One of the biggest influences on him was the chaplain at Sydney University who was a Dominican friar. It wasn’t his first encounter with the Dominicans; his father – a cradle Catholic – was a lawyer with a passion for philosophy and as a young man he had studied at the Pontifical University of St Thomas Aquinas (Angelicum) in Rome. He went on to teach philosophy part-time and instil a love of Thomas Aquinas in his son.

“I always had that connection with this very famous Dominican,” Fr Matthew explained.

“I felt very comfortable about studying his thoughts and philosophy for the rest of my life.”

Fr Matthew said the Dominican Order also appealed to him because of their “wonderful spirituality and charism”.

“We don’t advertise it very much but having spent time in the order, it has this wonderful wholeness and a very balanced life of monastic observance and living in community.

“You choose a way of life where you have time to dedicate to study and prayer and then you give the fruits of that to others.”

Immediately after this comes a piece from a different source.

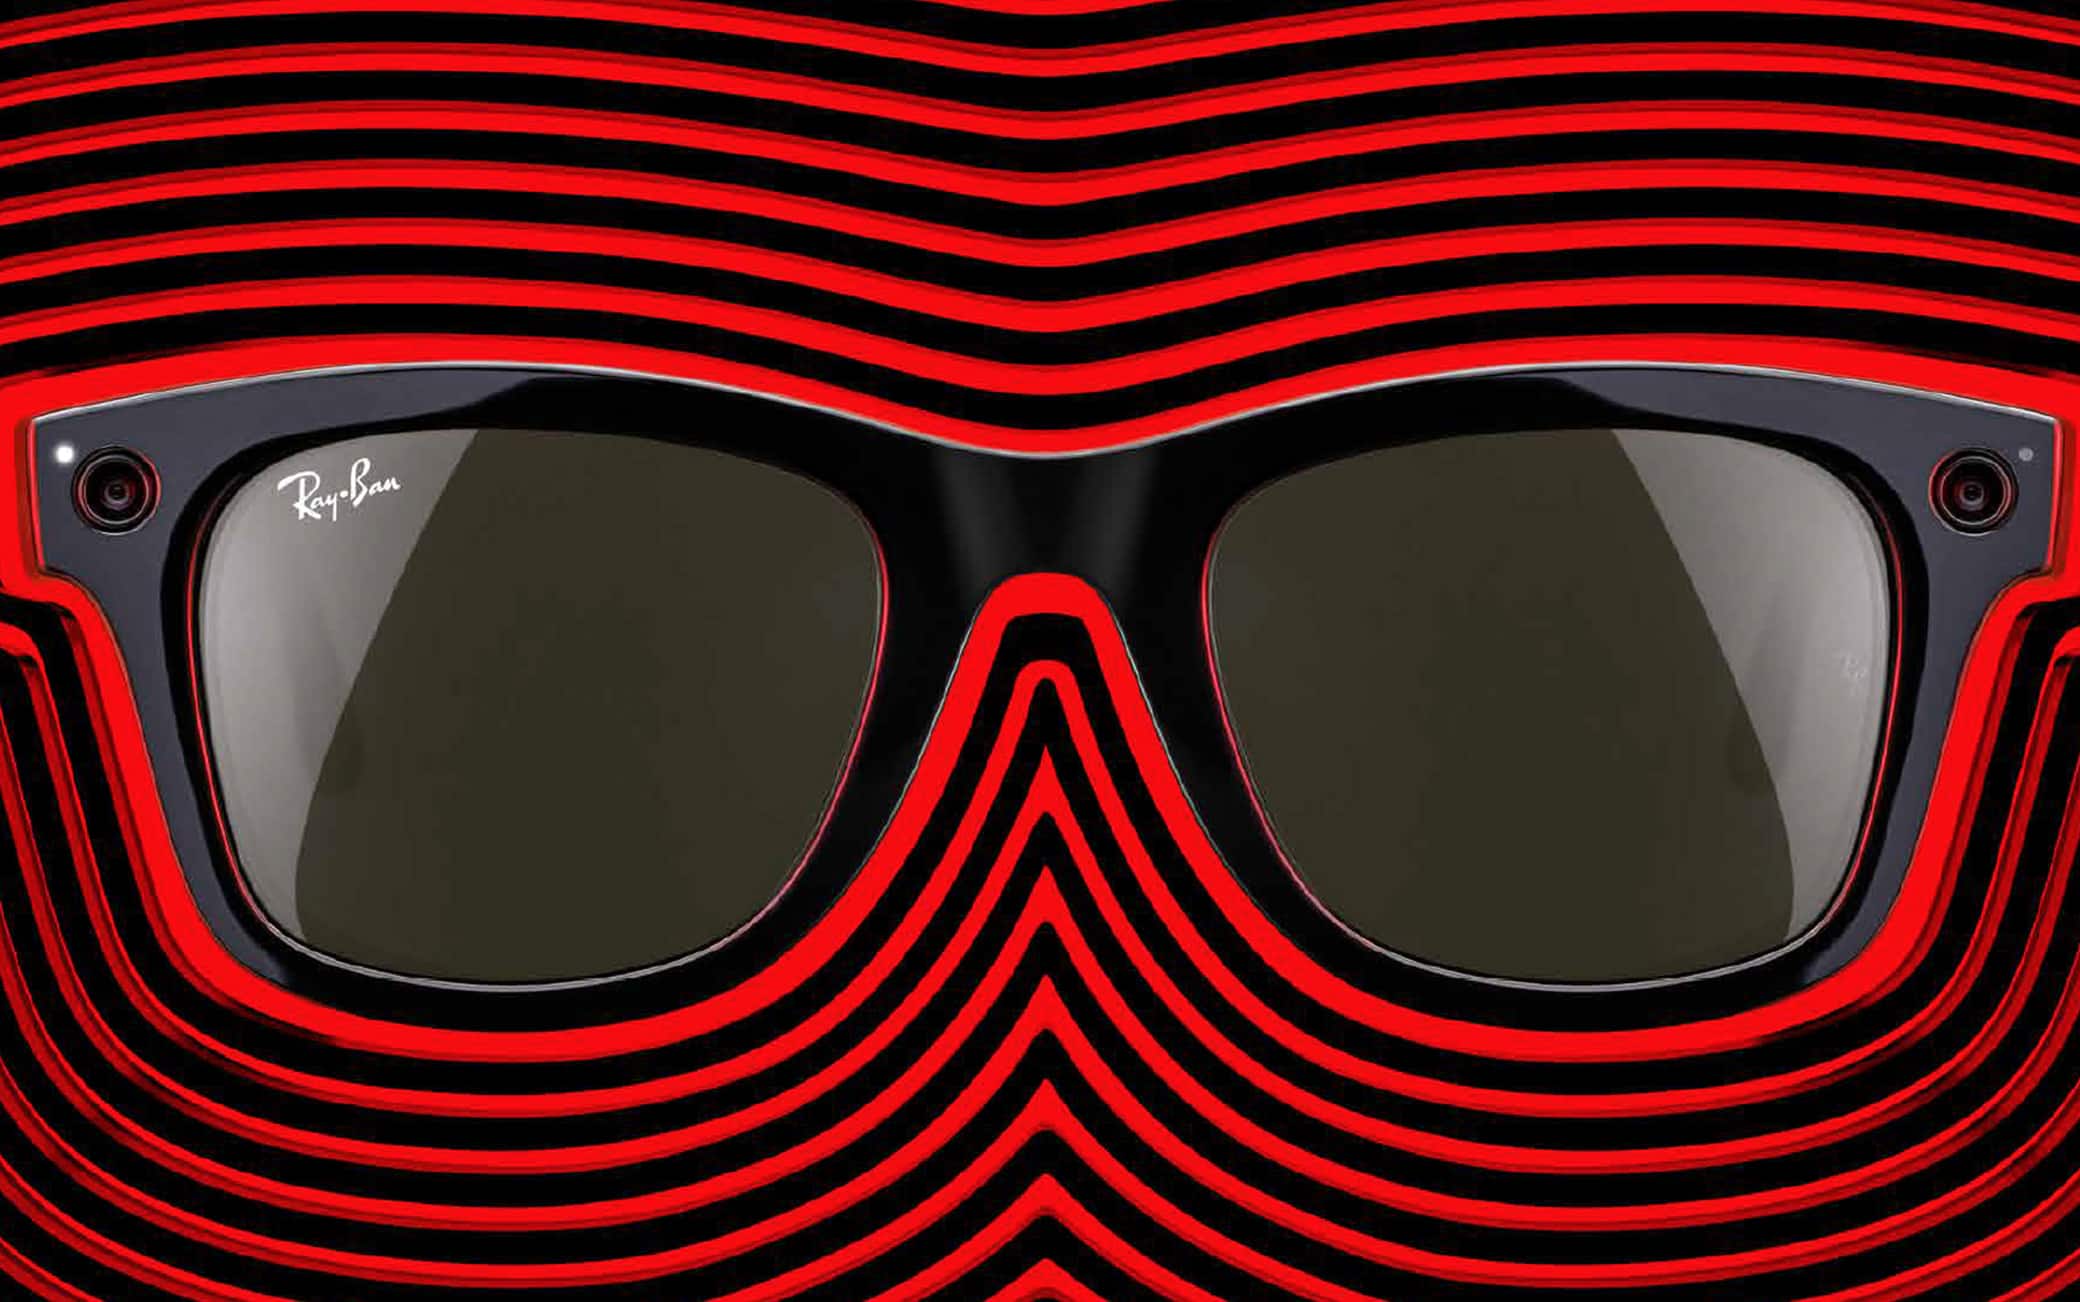 Recensione occhiali smart Ray-Ban Stories: funzioni, prove

Fr Matthew spent four months in Adelaide as a postulant in Adelaide, a year in the novitiate in Hong Kong and about six years at the University of Divinity’s Catholic Theological College in Melbourne.

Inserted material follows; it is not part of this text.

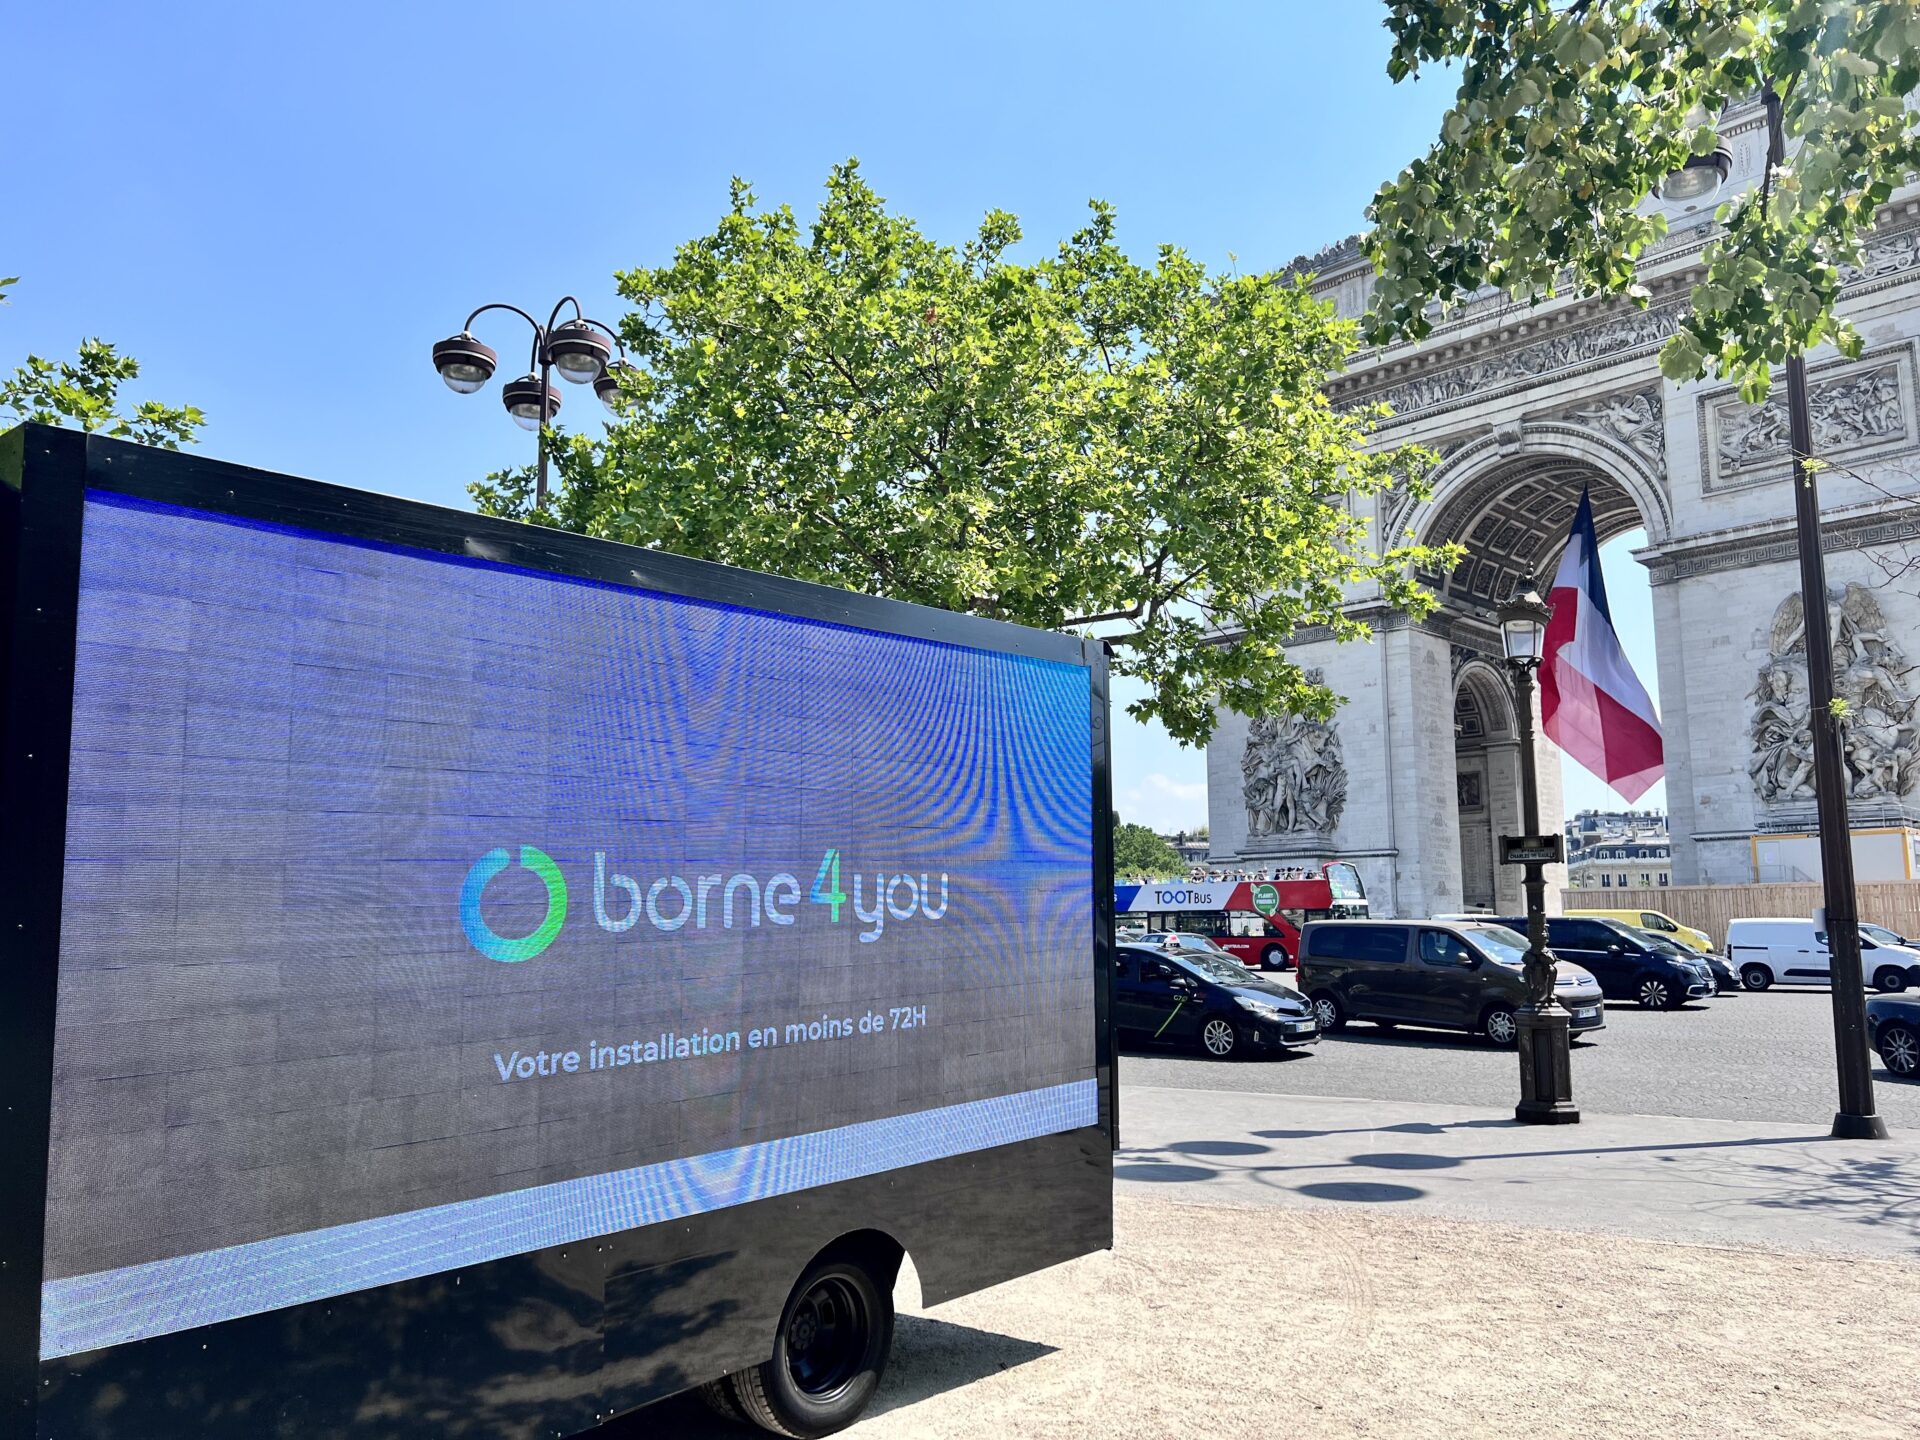 Communiqué : Borne4You accélère son déploiement en France et annonce de nouveaux objectifs ambitieux

Although the initial decision to enter the priesthood was “weighty”, there was a constant process of recommitting and reassessing “until death”.

Fr Matthew said the Order’s strong intellectual tradition and commitment to community life, prayer and service fitted well with the school context.

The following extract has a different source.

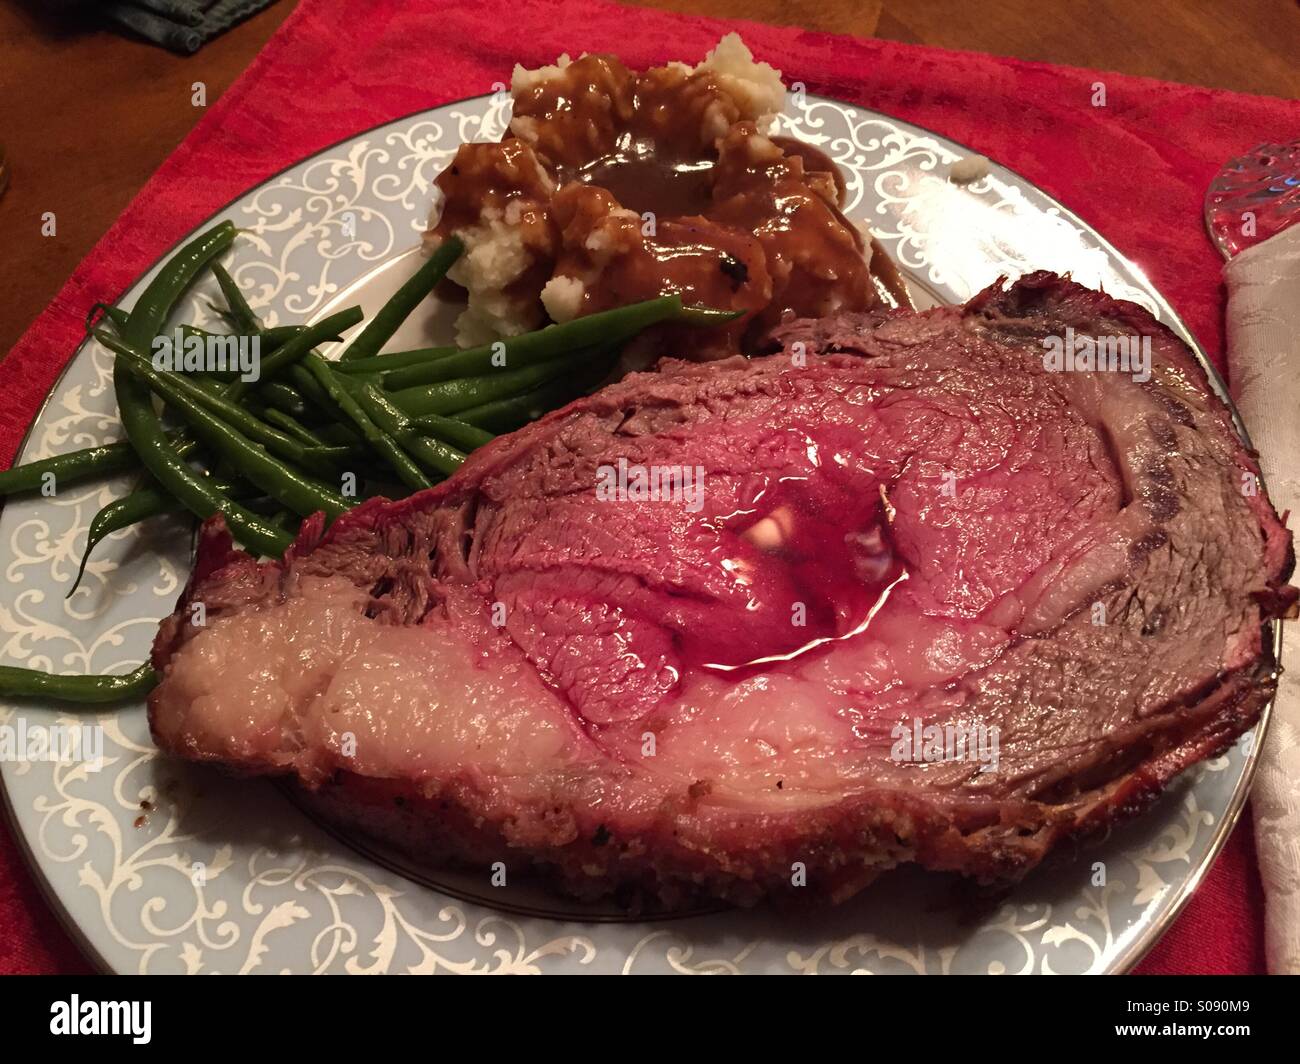 Christmas dinner plate: prime rib roast with au jus. Stock Photo

“It’s about educating the whole person, not just academically but spiritually and socially,” he said.

Before his ordination, Fr Matthew did a six-month pastoral semester in the North Adelaide/Prospect parish. While he is enjoying being back in the founding community of the Province, he misses his parents and sister who has three daughters and a son due on September 19.

“We’re a very close family – they’re a very important part of my life,” he said, adding he treasures the four weeks he spends with them.

“Family doesn’t diminish when you join religious life, in some ways it’s more important. It’s a great blessing to partake in my sister’s family life.”

His approach to school chaplaincy is to “do my best with the opportunity”.

He is very aware of the multi-faith make-up of the school and the fact that there are many challenges facing Catholic families in today’s society.

“I certainly never water down the faith but try to communicate it in a respectful way,” he said. “I’m very comfortable with our Catholic identity here, but try not to put boys in a position which would make them uncomfortable or feel belittled.”

“On a personal level, I try to preach the truth in a way that I think Christ would preach it, without watering it down but with love and with the welfare of the people I am preaching to in mind.

“And I always rely on the grace of God.”

He said it was important to be “authentic”, particularly with boys and young men. “You try to practise what you preach, give them truth in a direct way and be happy to answer their questions,” he explained.

“For example, with various aspects of modern social issues – sometimes very controversial issues – I don’t deny what the Church teaches in order to avoid scandal, but I try not to be overly dogmatic.

“Young people are exposed to all sorts of things through social media, often on very adult issues – in some ways they have lost their youth.

“St Thomas had a great emphasis on nature, you don’t necessarily have to appeal to God to have an understanding of human nature, and what that means for how we should act.”

As well as helping out in RE classes, Fr Matthew’s degree in science (majoring in maths) means he is able to assist in maths classes where the students get to see him as a human being, “not some distant, alien person”.

Some students also have been surprised to learn that together with four of his fellow seminarians, Fr Matthew has developed a Catholic trivia app. Since it was launched a year ago, it has been downloaded by 18,000 Android phone users and Fr Matthew is in the process of making it available through the Apple store. He also is developing a new Bible quiz app for a broader audience. (Search for ‘Catholic Trivia’ on the Google Play store to download the app.)